Tuesday 3 September 2013

UNISON at the sharp end of Lobbying Bill political restrictions

In recent weeks there has been a belated but welcome realisation by a range of campaigning organisations from 38 Degrees to the TUC about the draconian implications of the Transparency of Lobbying, Non Party Campaigning and Trade Union Administration Bill which gets its second reading in Parliament today. Much has been made about the lobbying bill restricting the ability of charities to campaign. But as the exemplary analysis by Professor Keith Ewing has highlighted, trade unions and the Labour Party are the target of the bill’s parliamentary draftsmen, with UNISON caught in the cross hairs:

An examination of the electoral commission’s report on the 2010 general election spending confirms only 33 registered third party campaigners of which 8 were unions (including the Wales TUC but not the TUC itself). 23 of these campaigners reported a total expenditure of £2.8 million of which UNISON’s £671, 866 was the largest of all. It is no exaggeration to conclude that the lobbying bill has the potential to neuter UNISON's General Political Fund in the pre-general election period when it has proven so effective over the past 20 years with imaginative and targeted advertising campaigns in defence of public services.

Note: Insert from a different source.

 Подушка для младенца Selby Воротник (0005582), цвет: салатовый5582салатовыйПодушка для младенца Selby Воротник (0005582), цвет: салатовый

As Keith Ewing highlights the Bill is proposing “a new concept of ‘targeted expenditure’, which is a subset of ‘controlled expenditure’. So while unions individually can spend £319,800 in England on ‘controlled expenditure’ generally, they can only spend £31,980 on expenditure targeted at a particular political party. This is a measure designed to stop trade union support for the Labour party rather than against the BNP, as some activists appear to believe.

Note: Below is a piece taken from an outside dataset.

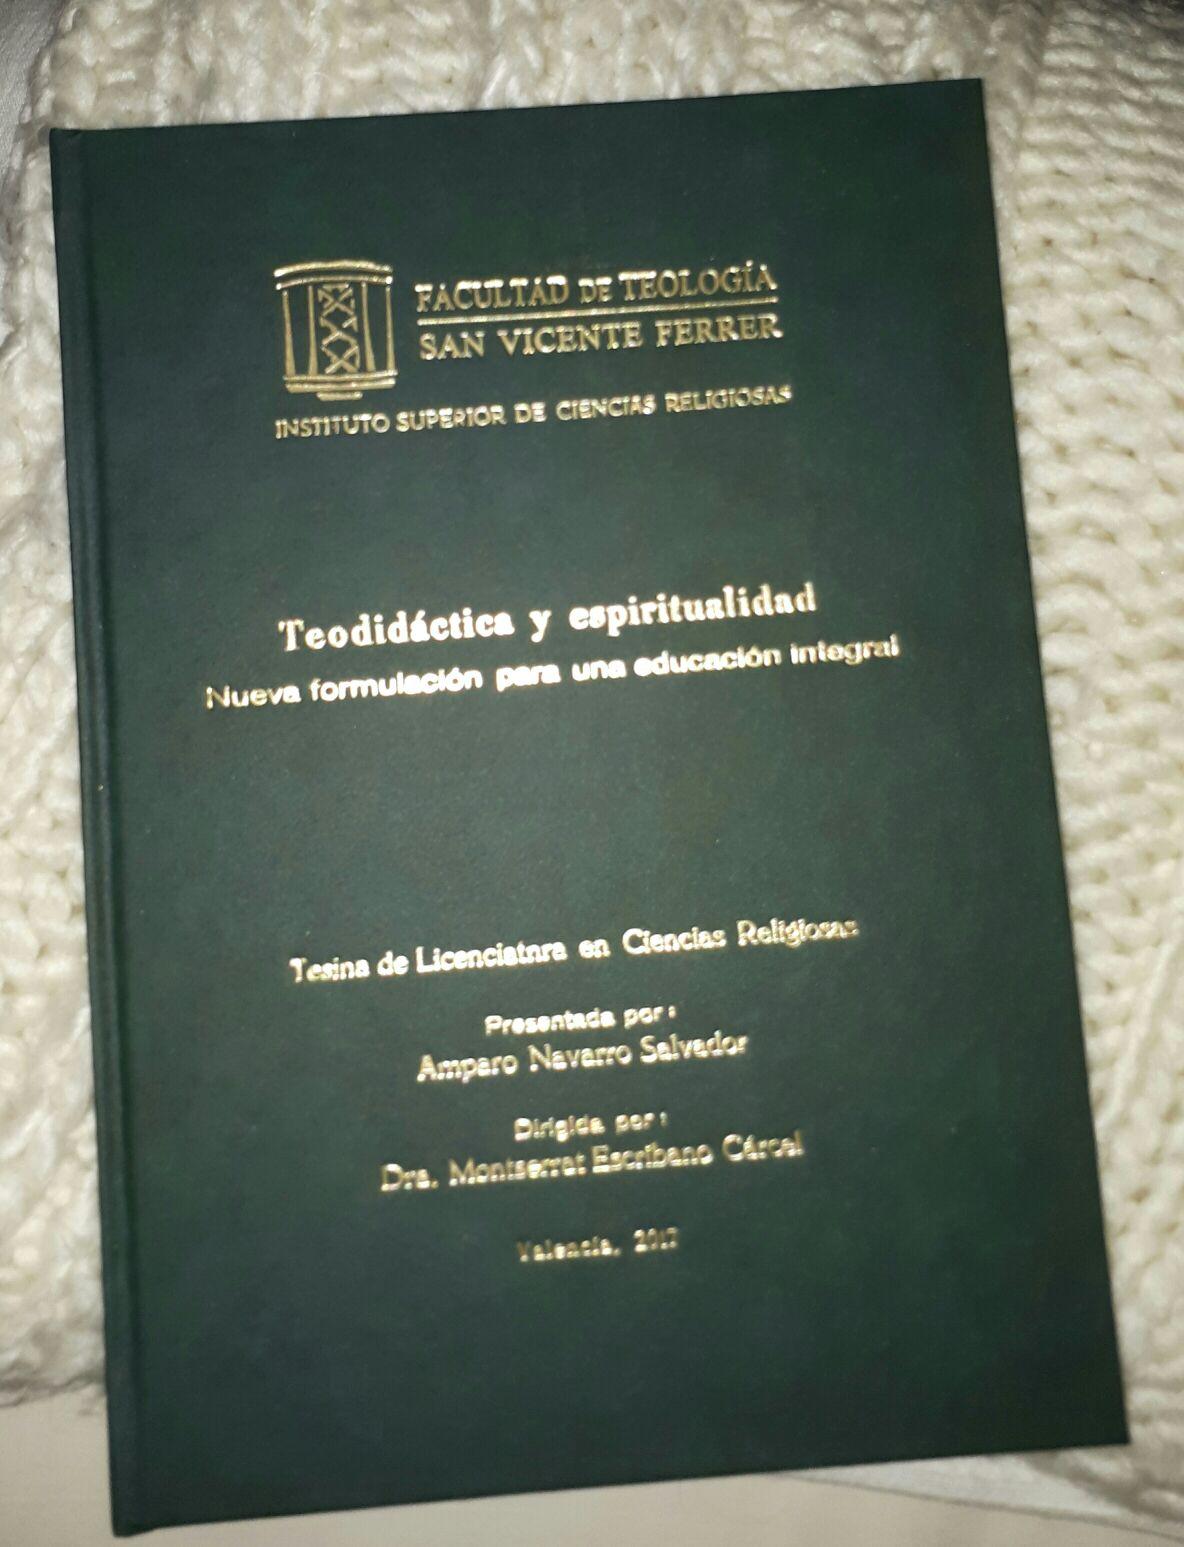 Tesina final de Amparo Navarro en la Licenciatura de Ciencias Religiosas

In a clumsily written provision, expenditure will be targeted at a political party only if it can ‘reasonably be regarded’ as being intended to benefit that party or any of its candidates. It seems to me that this is the red meat of the entire Bill, and as such it is a vicious attack on trade union political freedom. Almost all election expenditure will fall within this definition of ‘targeted expenditure. If it does not, there would be no point incurring it in the first place.”